Wouldn't running a private instance be the same as directly queryint google? Like, it queries through the same IP you use, and can build a profile just using that.
The sluggishness with video streaming in Firefox on macOS might be because Firefox supports VP9 so those services will use it to save bandwidth but macOS doesn't provide an API for hardware decoding of VP9 so it happens in software. Safari only supports h264 so that's what gets used and goes through hardware decoding. You can try extensions like h264ify on Firefox (and Chrome) to make it use h264 too.
> Firefox for windows is perfect. I actually think it's faster on Windows than on OSX for whatever reason.

I've found that most crossplatform software runs faster on Windows than on macOS, even when comparing to a better Mac hardware.

One evaluation found that Ecosia is 'better' than Google and Duck: https://www.kylepiira.com/2020/02/07/which-search-engine-has...
Strongly agree with your random observations. Something about Firefox on Mac is just incredibly slow at even basic things like switching tabs. This is on a higher end 2019 15" Macbook Pro. Whereas on Windows 10 it feels just as fast as Chrome.
It is good on Debian flavors of Linux too. I think the issues with Mac OS X are well known and have been worked on for a long time. It used to be image rendering in the past, and it is now other problems with rendering (transparent windows).
DuckDuckGo works for me 95%. If I need local search, I flip that switch (below search-field). There's possibility of advanced searches as well.
Leave the search engine as DDG, and then just preface your searches with !g if you want to cross reference Google
Microsoft used to be very big in highlighting how much more privacy-minded they are. This was a massage pushed to policy makers across the world, and very significantly in Europe. This stopped 100% with the launch of Windows 10; I assume this is because of all the metrics it collects (often unknown to or explicitly against users' wishes).

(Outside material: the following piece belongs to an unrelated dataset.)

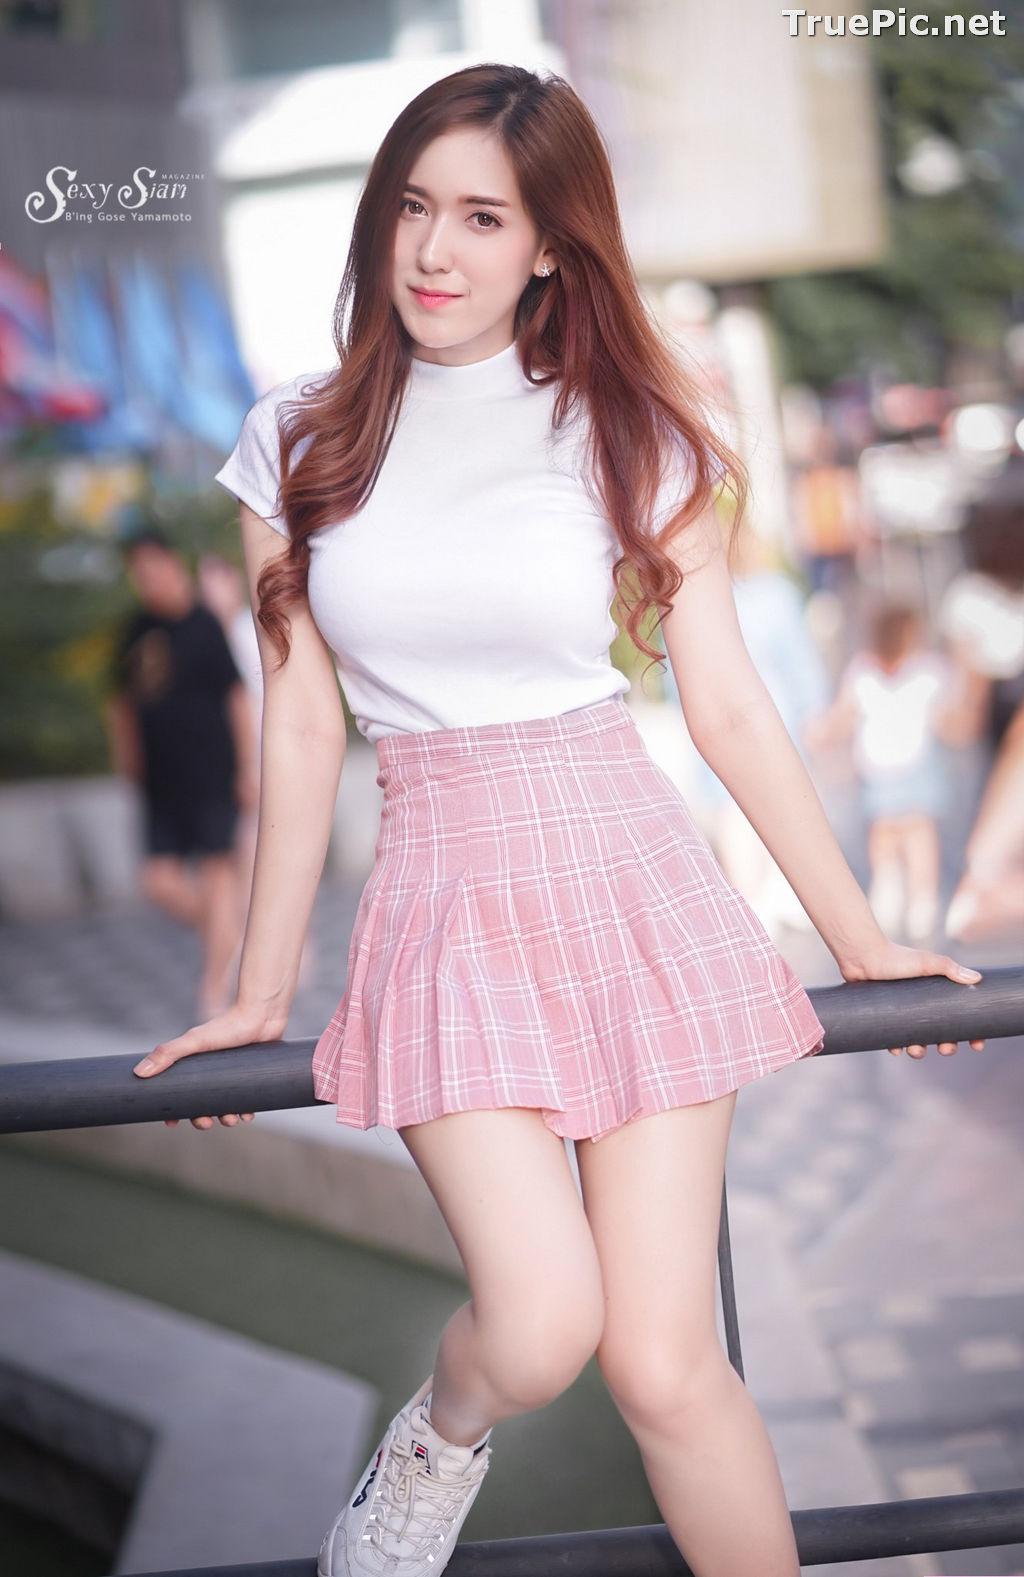 Image Thailand Model - Jarunya Boonya - Pink Love Love Love - TruePic.net - Picture-1

The only option for privacy-minded search seems to be to use one of the bing wrappers, most notably duckduckgo.

If you want literally Google's results with privacy -- use Startpage.com
no issues on macOS. Older mac maybe?
No problem here either, on a 2015 iMac or 2018 MBP.

I've used FF daily for 20 years on Mac/Linux and never been motivated to trade my security/privacy for a little speedup.

Initially it was FF's ability to block video and invasive JS (w/ or w/o plugins) that was a game changer for me.

Some people just don't get the difference between Privacy and Anonymity.
Care to elaborate? Anonymity is part of privacy, which is part of security.

Security is a multi-perspective problem. Often, false dichotomies are drawn to convince people to give up their own security in order to benefit someone else's security - eg saying "privacy versus security" as if they're in opposition, being personally disassembled and molested at the airport, "national security" in general, etc.